$mn | m^2+n^2+m \implies$ $(n-1)$ is a square

Question

Let $m;n \in \mathbb{Z^+}$ such that $mn | m^2+n^2+m$

Prove that $(n-1)$ is a square number.

P/s : I don't have any ideas about this problems :(

Thanks :)

Answer 1

Consider the equation $kmn = m^2+n^2+m$ for fixed $k$. Suppose this equation has solutions in $(m,n)$ in positive integers, and take the solution with $m+n$ minimized. We distinguish two cases.

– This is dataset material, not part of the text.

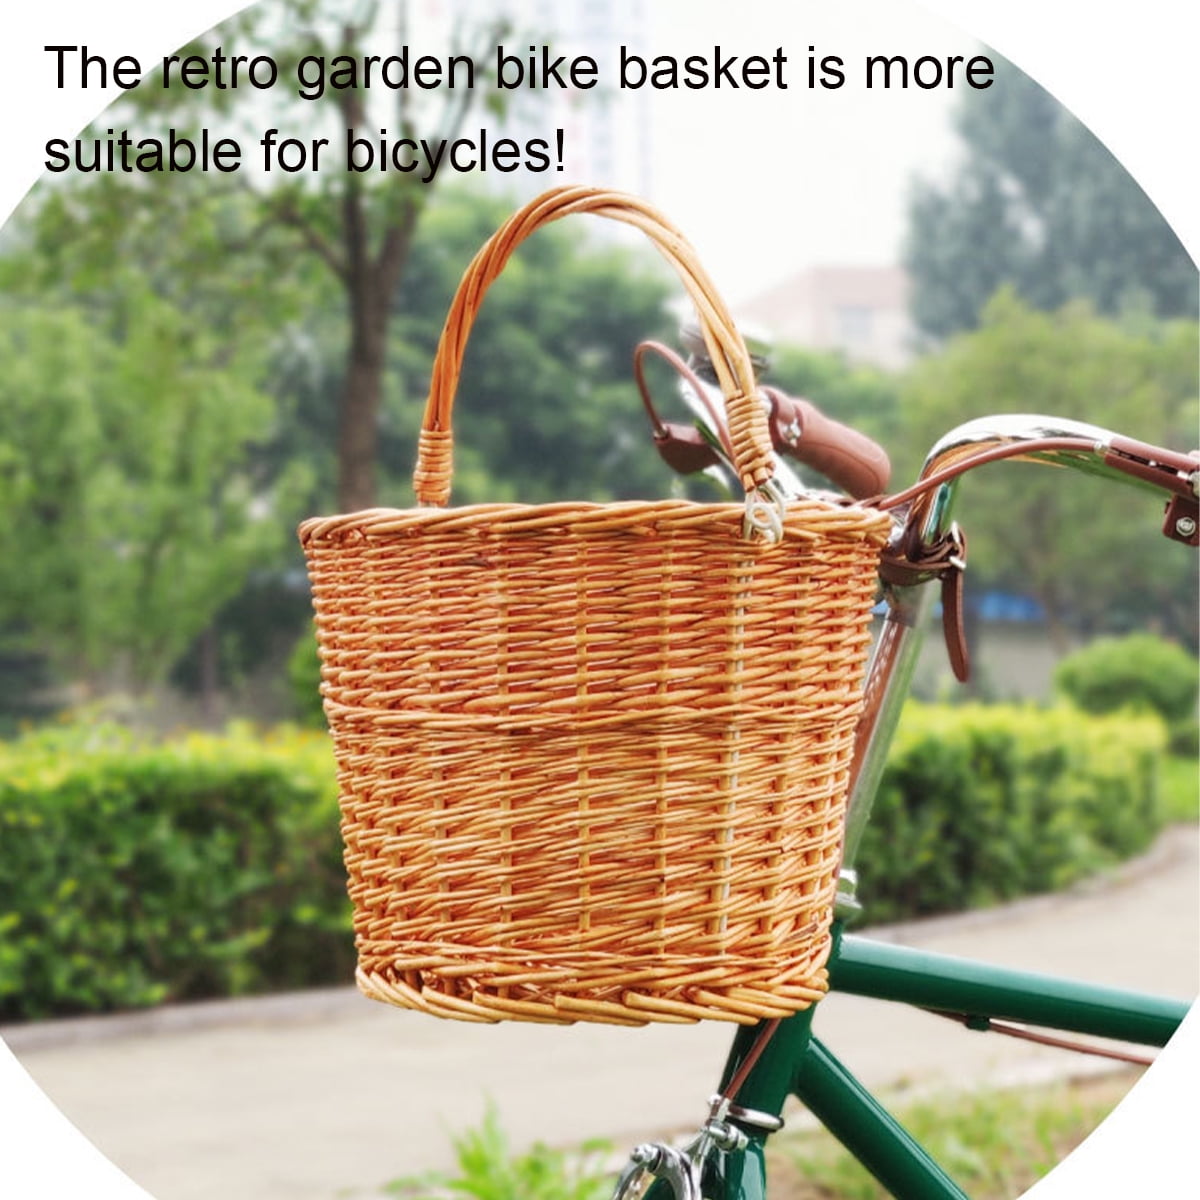 Front Handlebar Rattan Basket Vintage Wicker Bicycle Basket with Tan Leather Straps LIUSHUI Wicker Bike Basket for Small Dogs Cats Pet Carrier Bicycle Front Basket with Wire Mesh Cover Wood Color

• Suppose $m \geq n$. Note that $m$ satisfies the quadratic equation $$ X^2 - (kn-1)X+n^2 = 0$$ which also has $X=\frac{n^2}{m}$ as a solution. It follows that $(\frac{n^2}{m},n)$ is also a solution to the original equation, whence $m+n \leq \frac{n^2}{m} + n$ implying $m=n$.
• Suppose $n \geq m$. Note that $n$ satisfies the quadratic equation $$ Y^2 - kmY + m^2+m = 0$$ which also has $Y=\frac{m^2+m}{n}$ as a solution. It follows that $(\frac{m^2+m}{n},m)$ is also a solution to the original equation, whence $m+n \leq \frac{m^2+m}{n} + m$ or $n^2 \leq m^2+m$. Since $n \geq m$ this entails $n=m$ (for $m \leq n-1$ we have $m^2 +m \leq (n-1)^2 + (n-1) = n^2 - n < n^2$).

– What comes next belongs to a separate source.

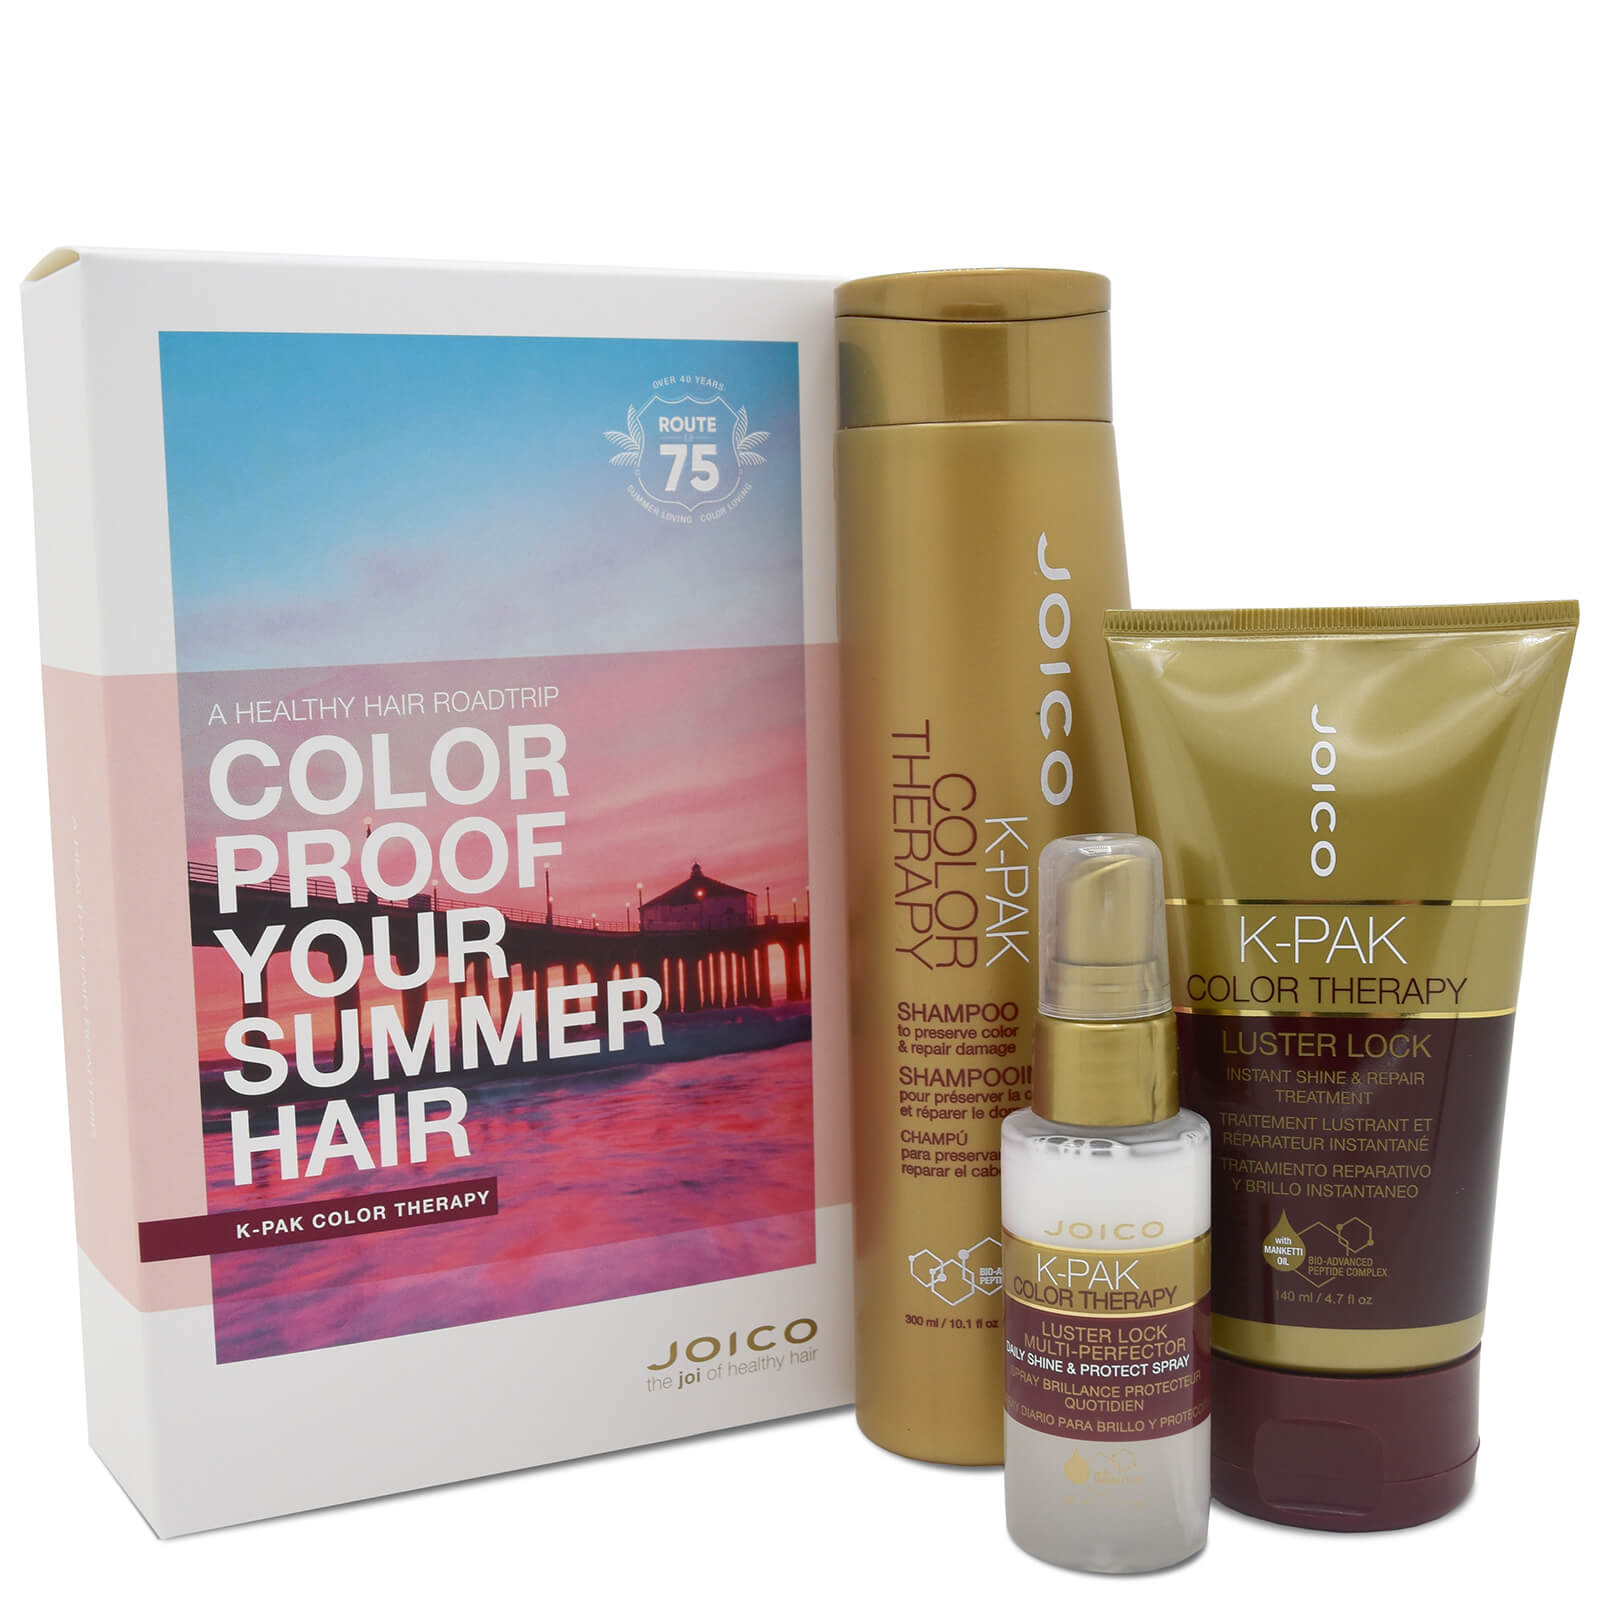 Joico K-Pak Color Therapy Color Proof Your Summer Hair Trio Pack

In both cases we find $m=n$. Since the only solution with $m=n$ is $m=n=1$ for $k=3$, we conclude that $k=3$ is the only possibility.

Now we have $3mn = m^2+n^2+m$ or $m(n-1)=(m-n)^2$. Since $m \mid n^2$, $m$ is coprime to $n-1$ so both $m$ and $n-1$ are squares.

This technique is known as Vieta jumping.